Reglan Requires FDA Approved Black Box Label Warning

High or extended use of neuroleptic drugs cause an untreatable conditions that is known as Tardive Dyskinesia.  The symptoms of tardive dyskinesia include muscle spasms, lip smacking, rapid eye movements, repetitive blinking, lip pursing, and dysfunctional finger movements.  If a patient ceases taking causative drugs, the symptoms may slightly reduce, but in fact, will never leave their entirely. 

Metoclopramide, which is the main ingredient in Reglan, is the most heavily associated medication with tardive dyskinesia.   Metoclopramide treats common ailments such as heartburn, acid reflux, and other gastrointestinal disorders, as well as some psychological and neurological conditions.  In all formulations of Reglan, including injection, oral solution, or pills, there are concentrations of Metoclopramide. 

The FDA’s Reasoning on Label Change Requirements

The dangers of Reglan in relation to tardive dyskinesia were well known, even before the black box mandate, to the FDA, but at the time, the FDA was unaware of the actual high level of risk that the drug actually did pose.  An ANDA (Abbreviated New Drug Application) filing took place, and since the release of the drug Reglan under these auspices, the sheer number of persons afflicted with tardive dyskinesia after taking Reglan forced the FDA to respond and mandate the black box warning label.  The label specifically notes the risk for tardive dyskinesia associated with high dose amounts or prolonged exposure to Reglan for more than three months.  Other notable increased risk factors include patients who are female, older in age, and the long-term amount of the drug actually consumed. 
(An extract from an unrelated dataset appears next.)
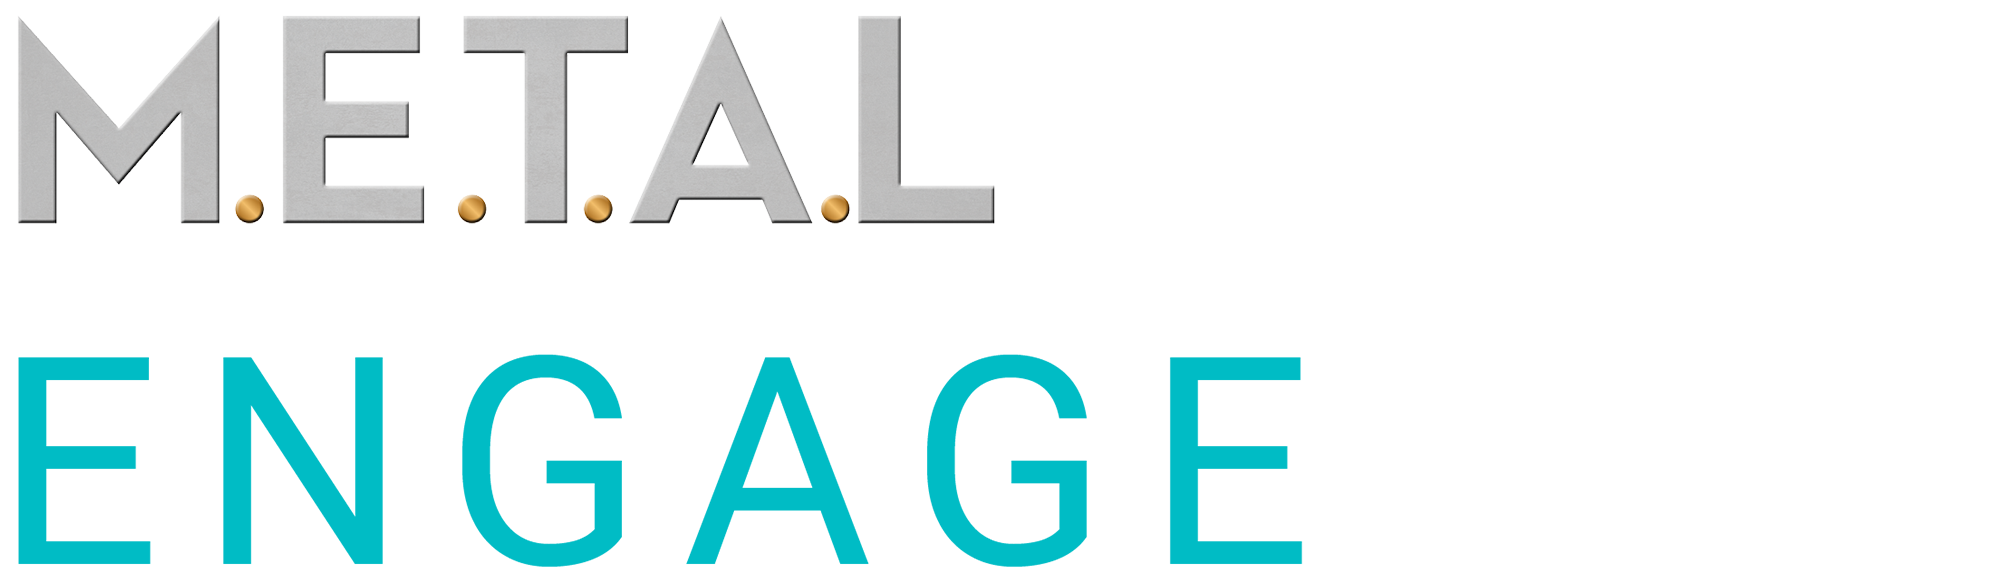 METAL Category - Engage - Light

Further Requirements by the FDA on Reglan 

Reglan’s manufacturers must also present a REMS, or Risk Evaluation Mitigation Strategy, to the FDA concerning informing healthcare providers of the risks associated with Reglan versus the benefits from using the medication. Other requirements include providing a medication guide and the plan for informing healthcare providers. 

Currently, an estimated two million patients in the United States take Metoclopramide in response to gastric issues.